The report, by Leonard Reed, DPNR assistant environmental protection director, was of an inspection conducted last Friday. It cited multiple problems and recommended that personnel be relocated elsewhere to work, the V.I. Independent reported.
Reed's report described the 15-year-old structure as a "sick building." His report cited 15 problem areas including water leaks in several rooms; inadequate ventilation; wet and damp areas conducive to the growth of mold, mildew, fungi and bacteria; actual mildew and fungi growing in restrooms and holding cells; dust that appeared to contain carbon matter from the emissions of vehicular traffic on the waterfront highway in front of the building; and a manhole that could allow sewer gas into the building courtyard.
Reed recommended that the Police Department "form a committee to investigate, review and offer solutions to this most grave situation."
Police have complained publicly of the building's conditions for about five years.
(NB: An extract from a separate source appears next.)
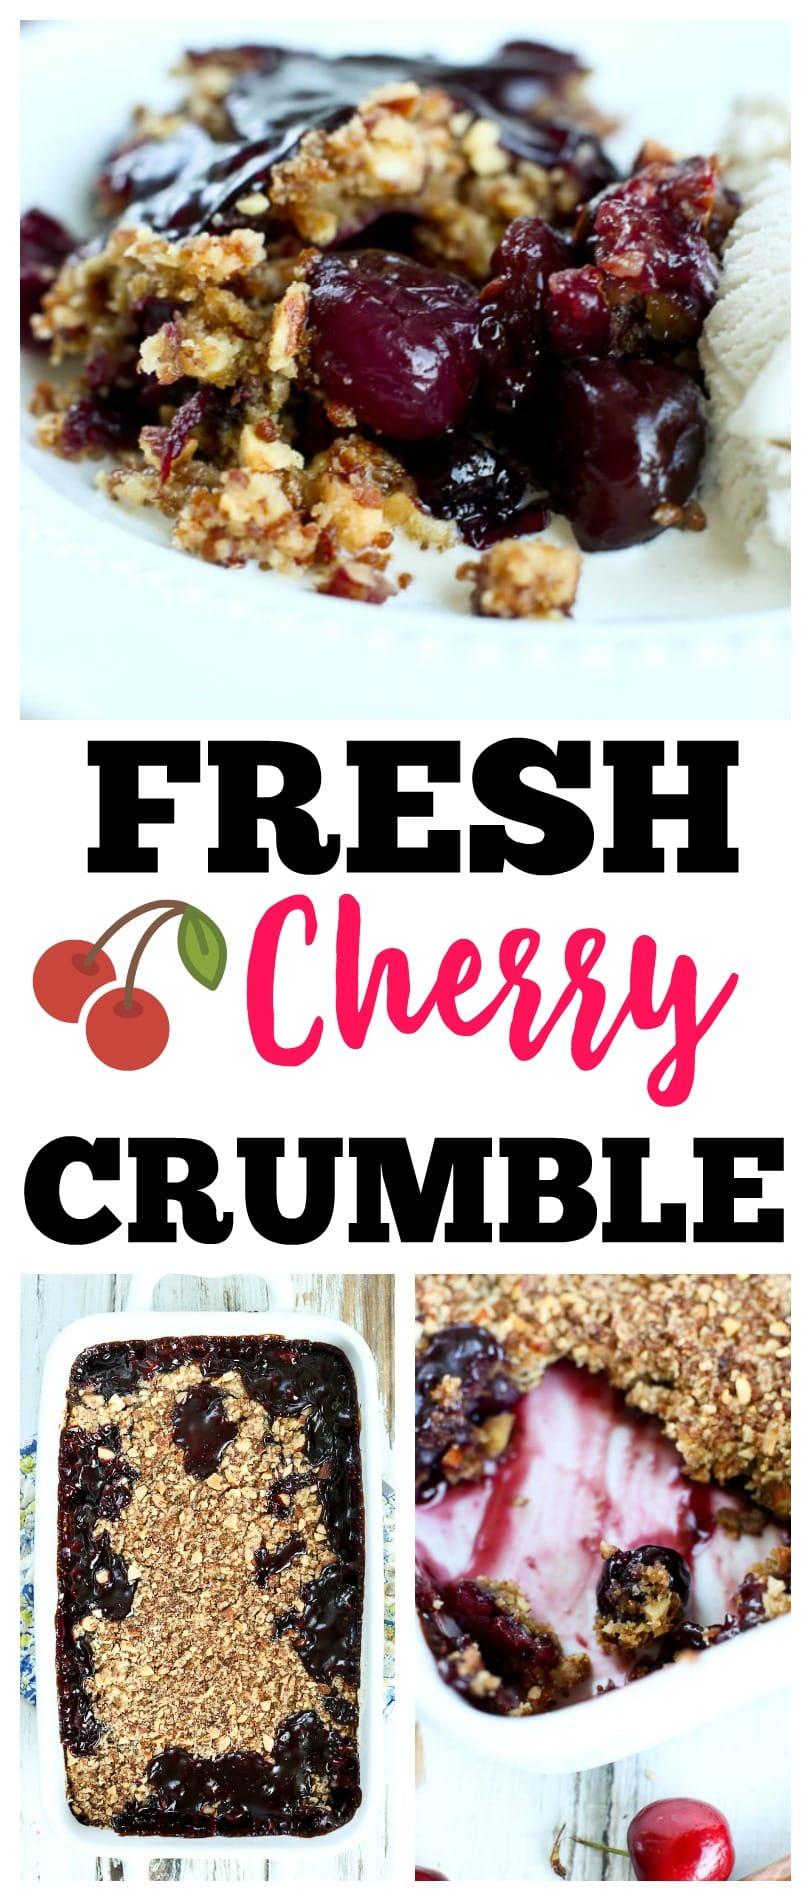 Fresh Cherry Crumble Recipe | summer dessert | fruit dessert | cherry desserts | healthy desserts | quick and easy desserts
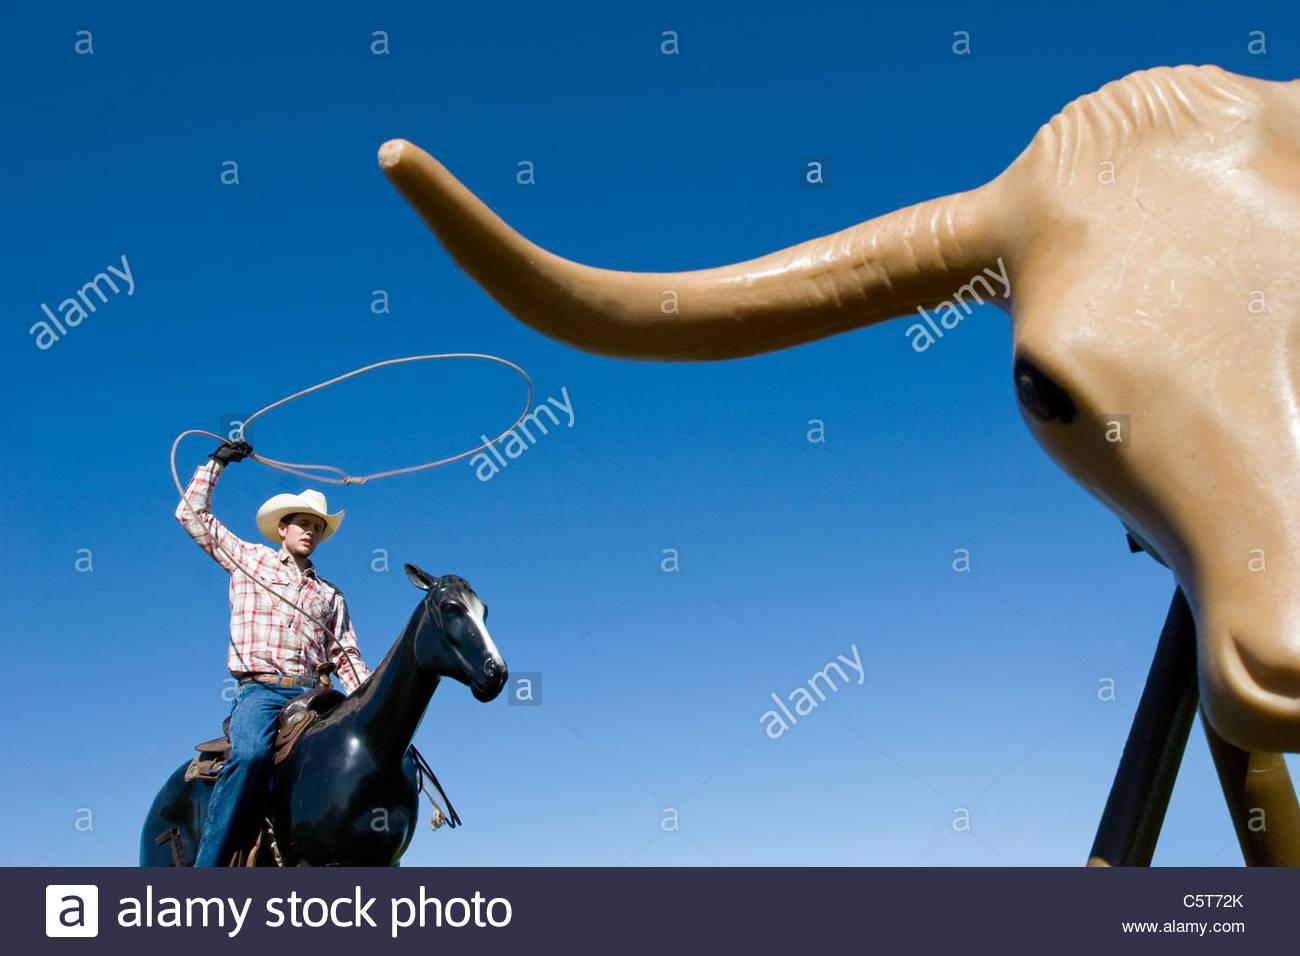 USA, Texas, Dallas, Cowboy using lasso - Stock Image

In January, personnel stationed there staged a protest march to Government House and filed a complaint with the federal Occupational Safety and Health Agency.
Acting police chief Jose Garcia said OSHA has notified the department by letter that the agency is satisfied that the department is working to address the problems, The Daily News reported. However, the newspaper said, OSHA director Marcelle Heywood could not confirm this immediately but said the agency has not received any recent complaints about Zone A Command.
Elmo Raymo, president of the Police Benevolent Association, said Department of Public Works employees installed paneling to keep dust from entering the building around air- conditioning units on Wednesday and made other minor improvements. But he called for an overall major renovation plan, instead of superficial stop-gap measures.